Collected data>
+-------+
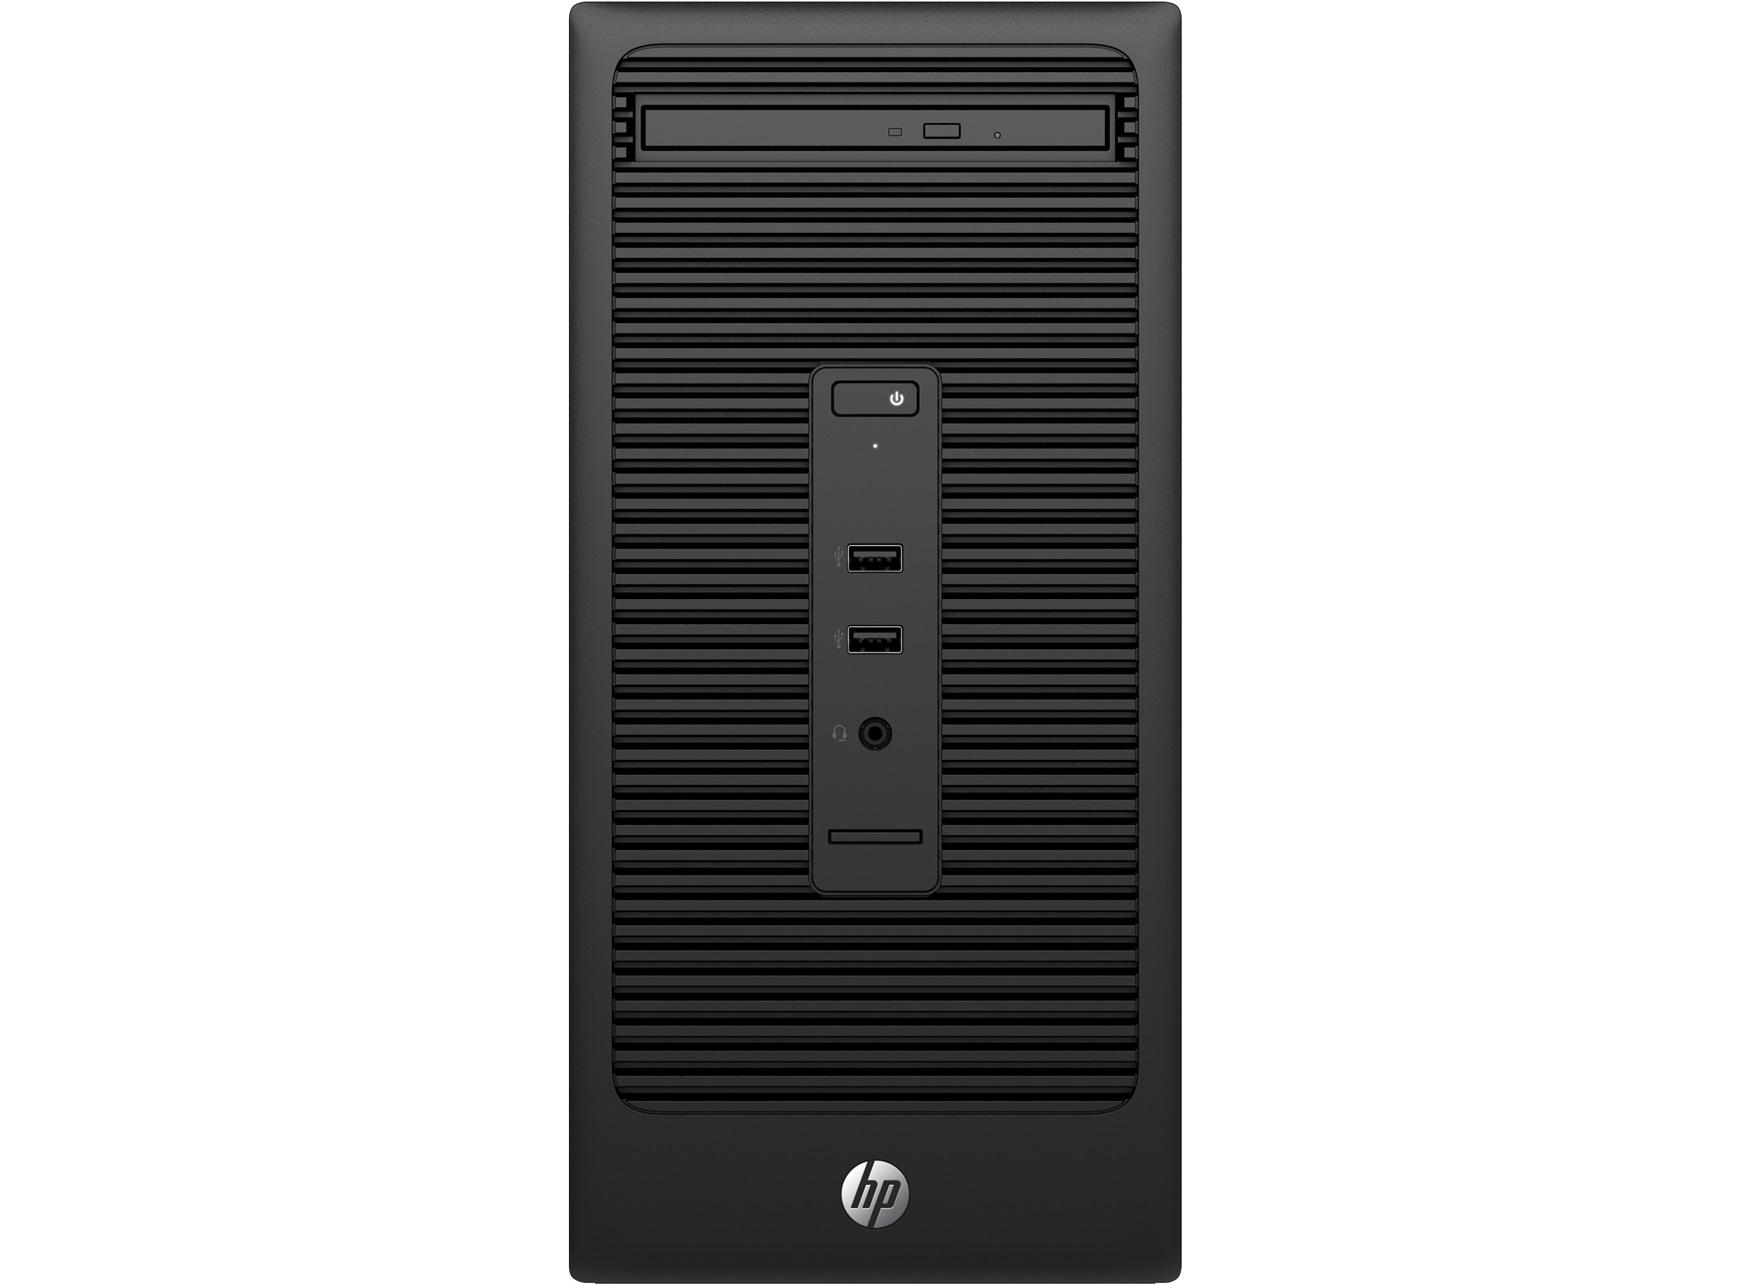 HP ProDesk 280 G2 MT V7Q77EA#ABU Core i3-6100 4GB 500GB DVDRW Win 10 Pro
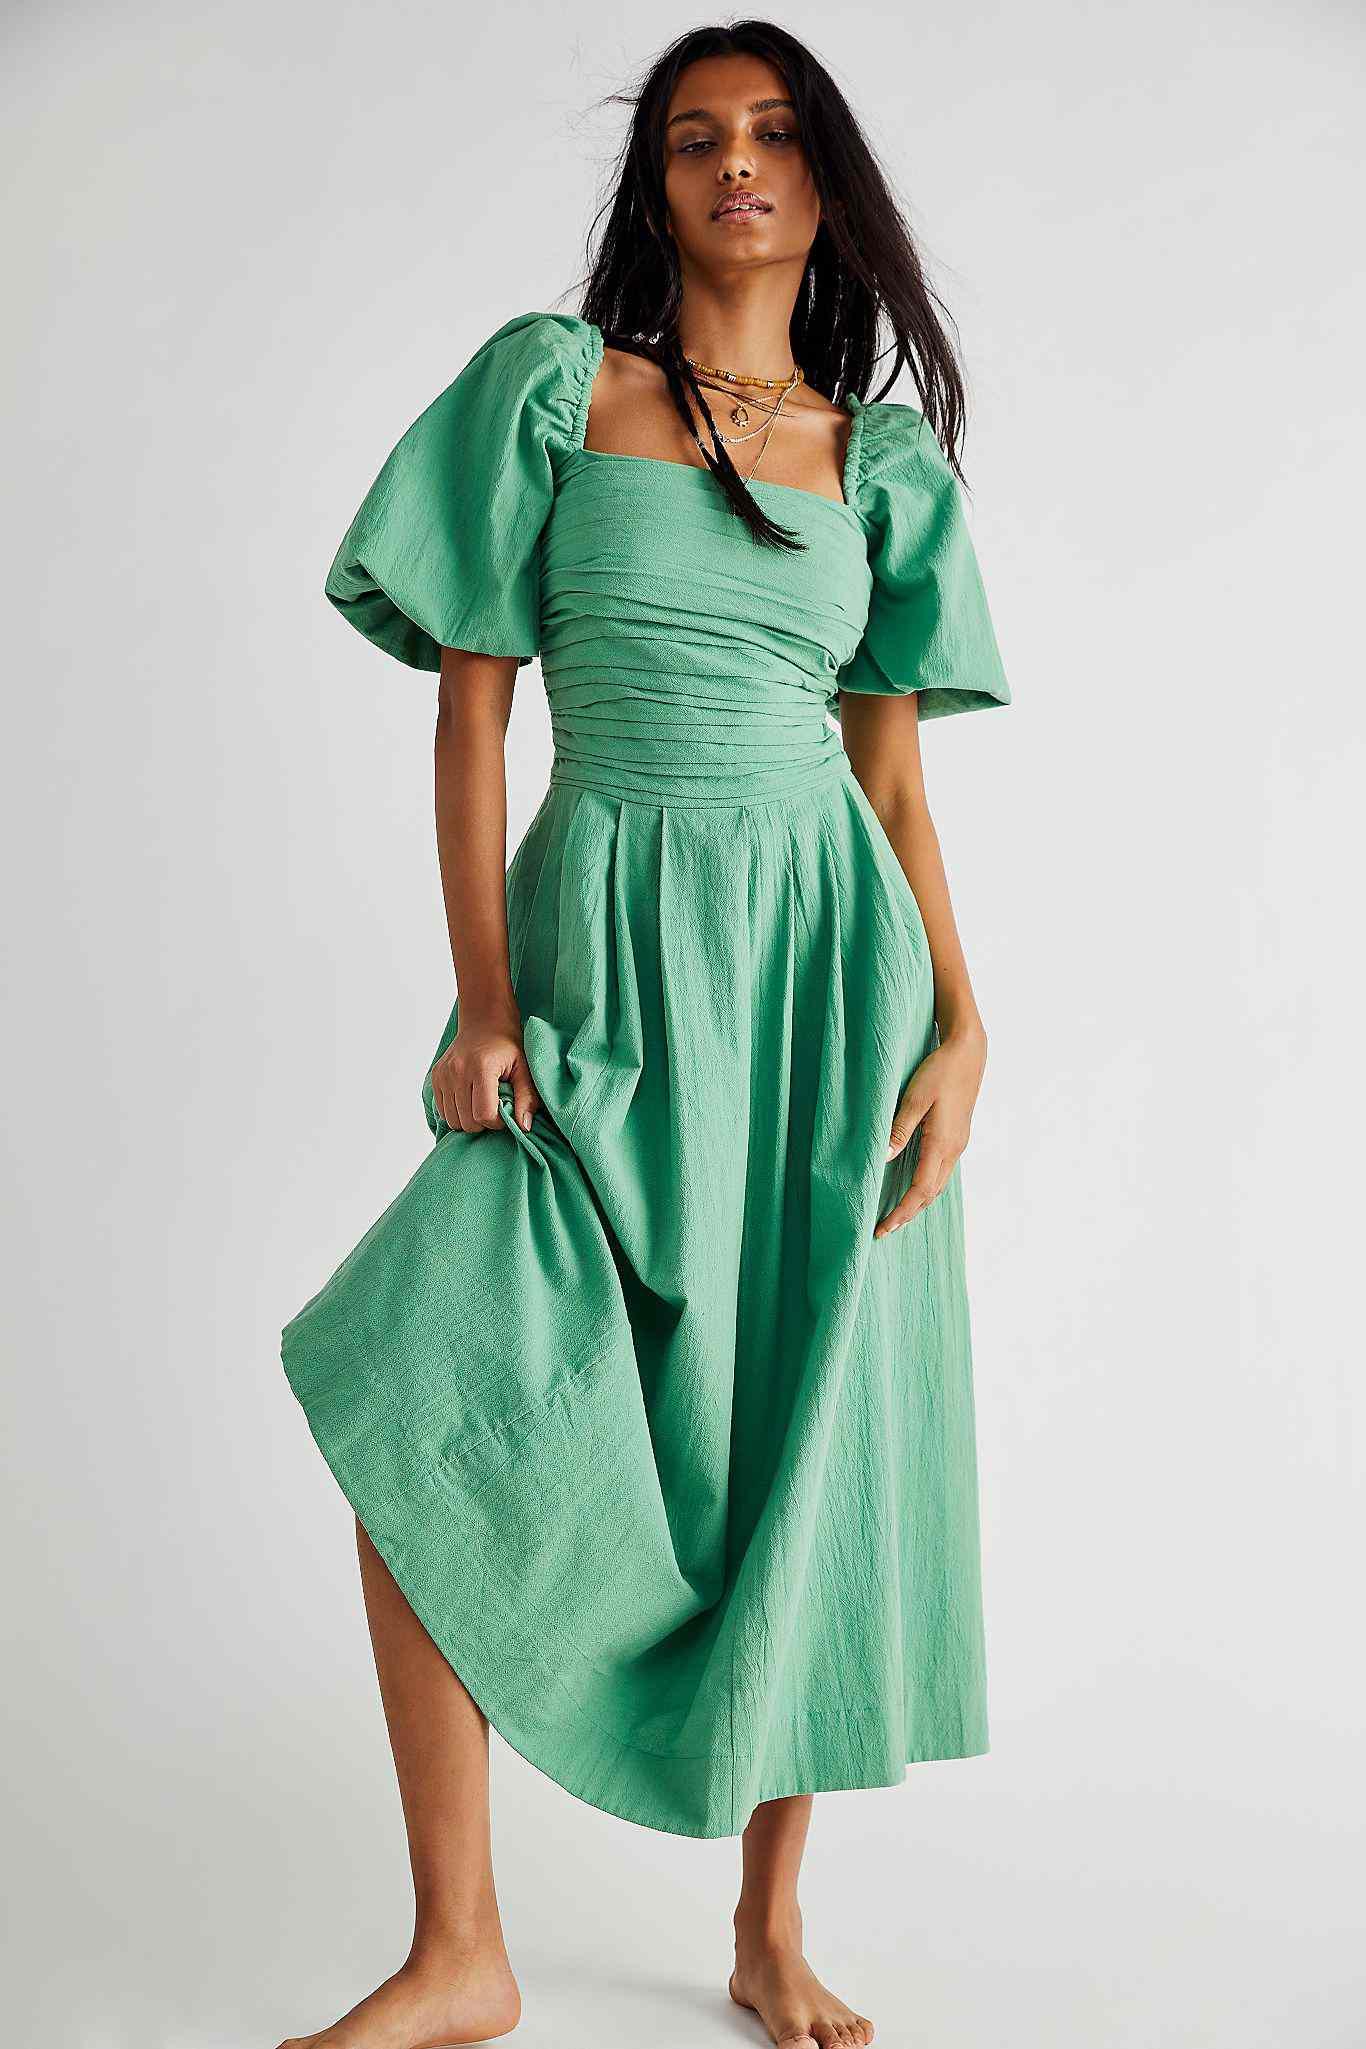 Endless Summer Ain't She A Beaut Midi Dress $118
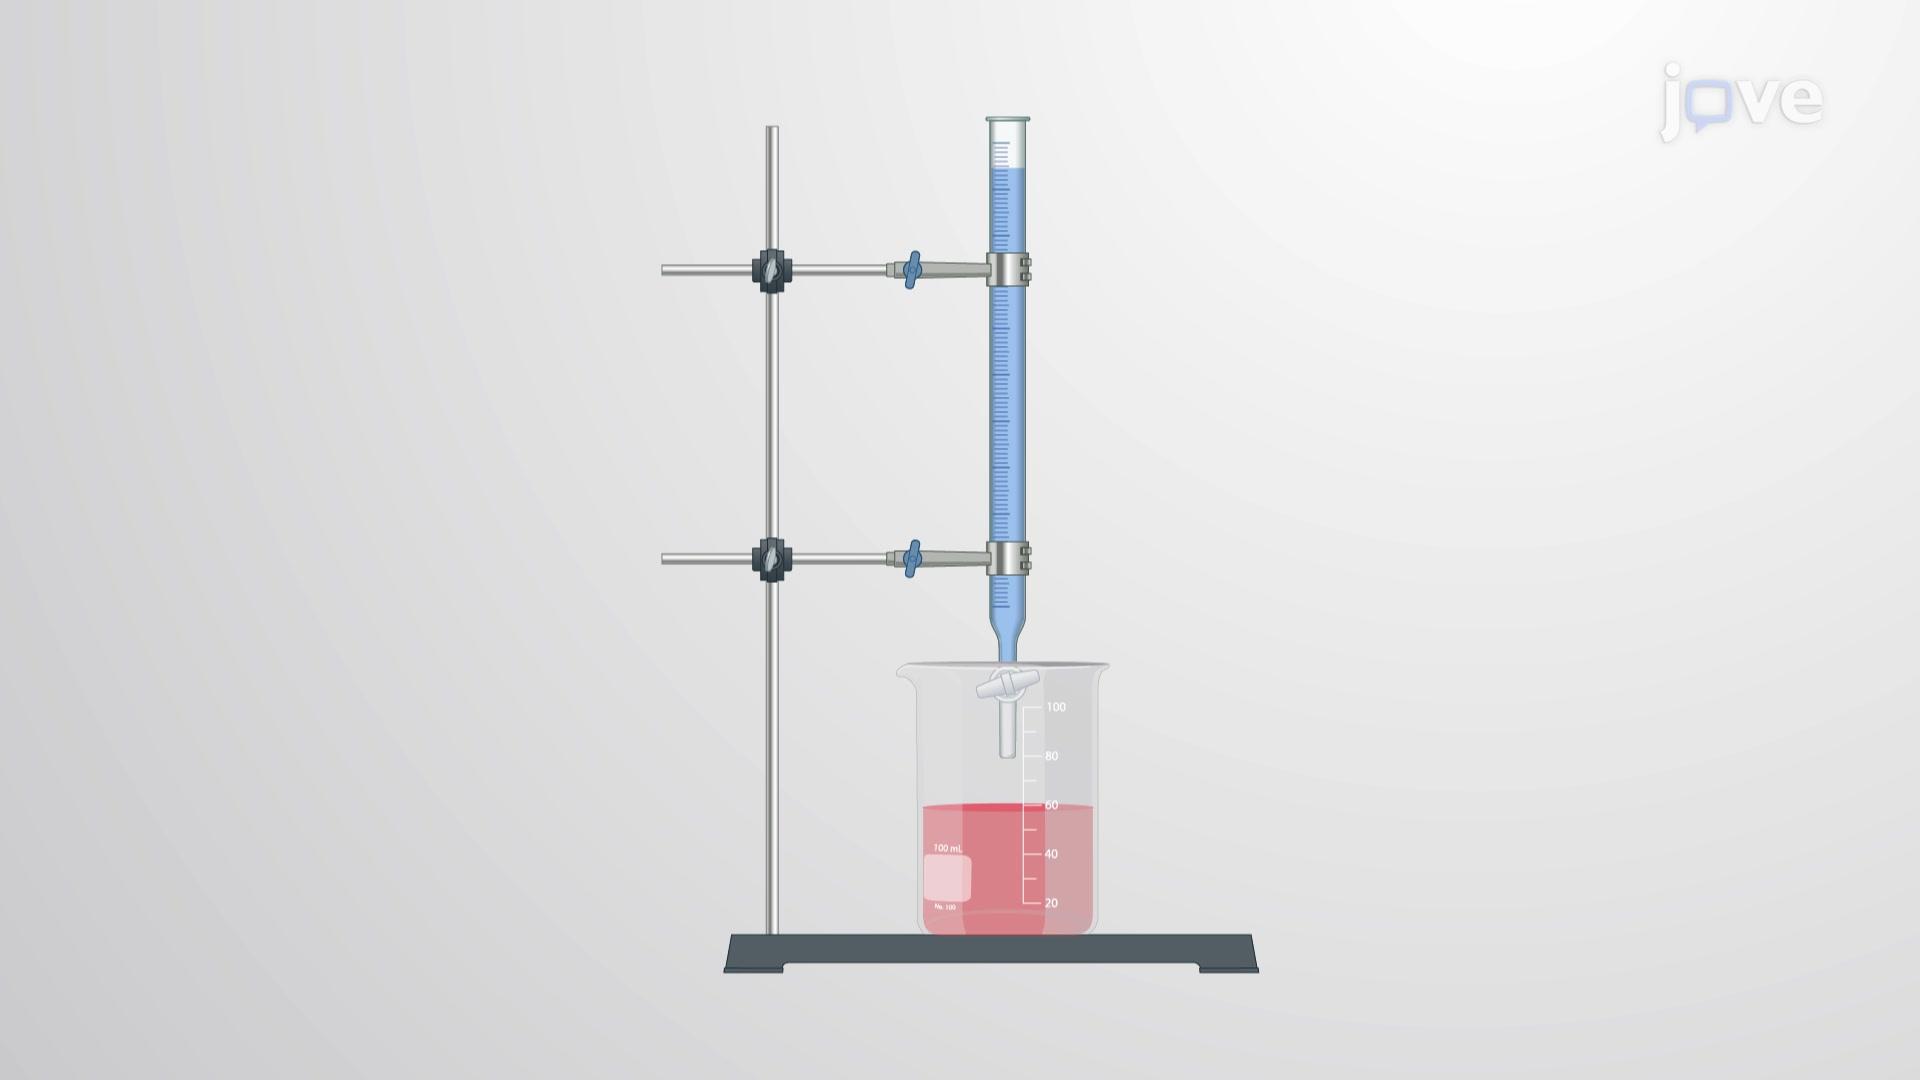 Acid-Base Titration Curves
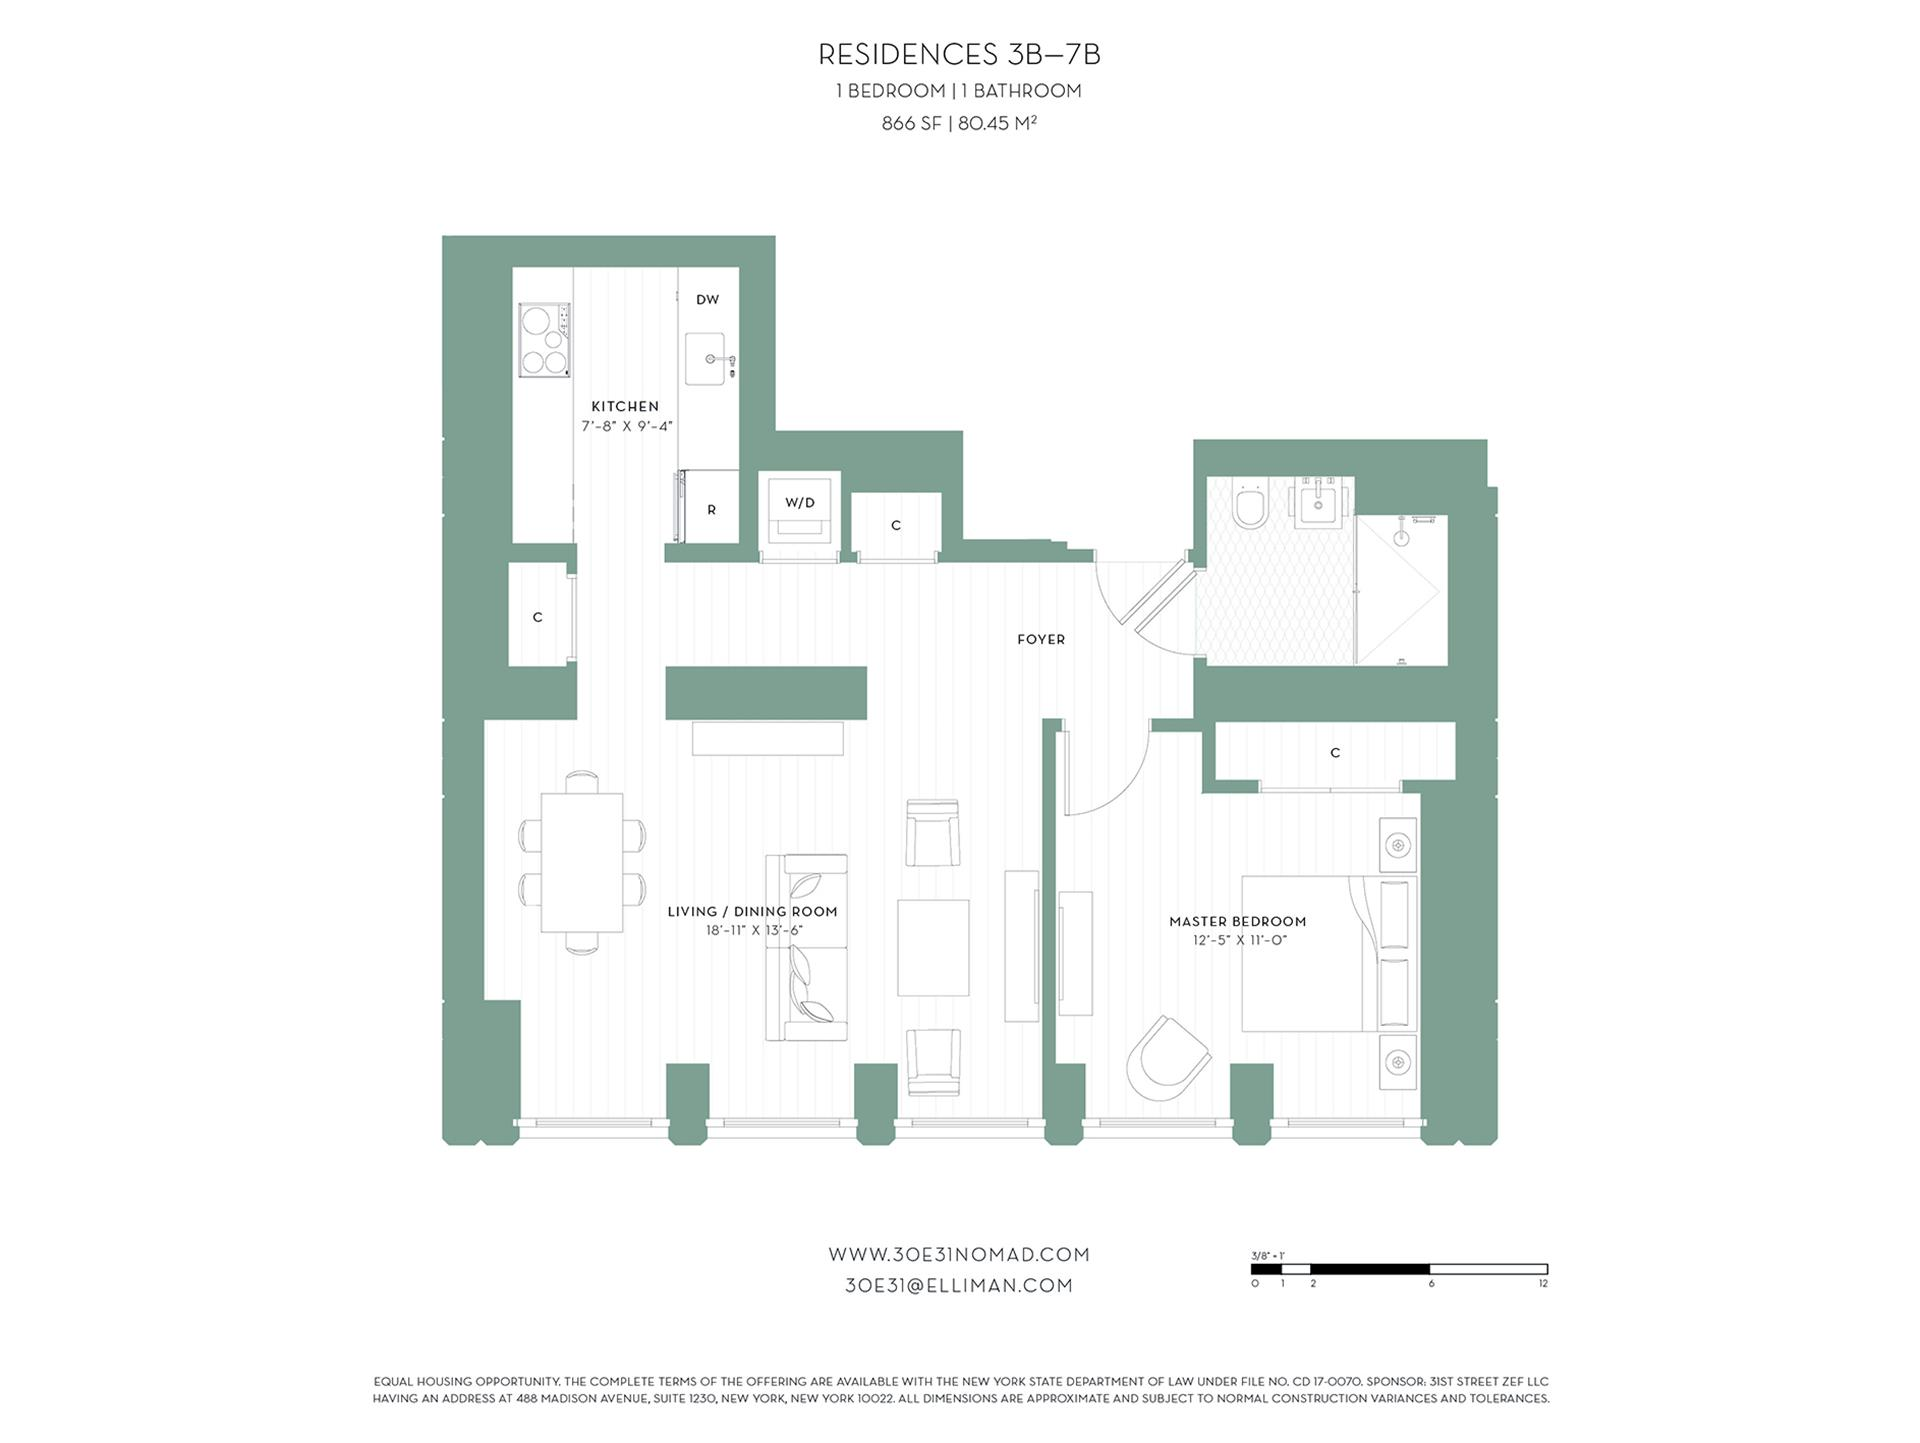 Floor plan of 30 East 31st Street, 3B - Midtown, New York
+-------+
Problem statement> Retype the whole listing above exactly as written. Skip the pictures.

Response>
 HP ProDesk 280 G2 MT V7Q77EA#ABU Core i3-6100 4GB 500GB DVDRW Win 10 Pro
 Endless Summer Ain't She A Beaut Midi Dress $118
 Acid-Base Titration Curves
 Floor plan of 30 East 31st Street, 3B - Midtown, New York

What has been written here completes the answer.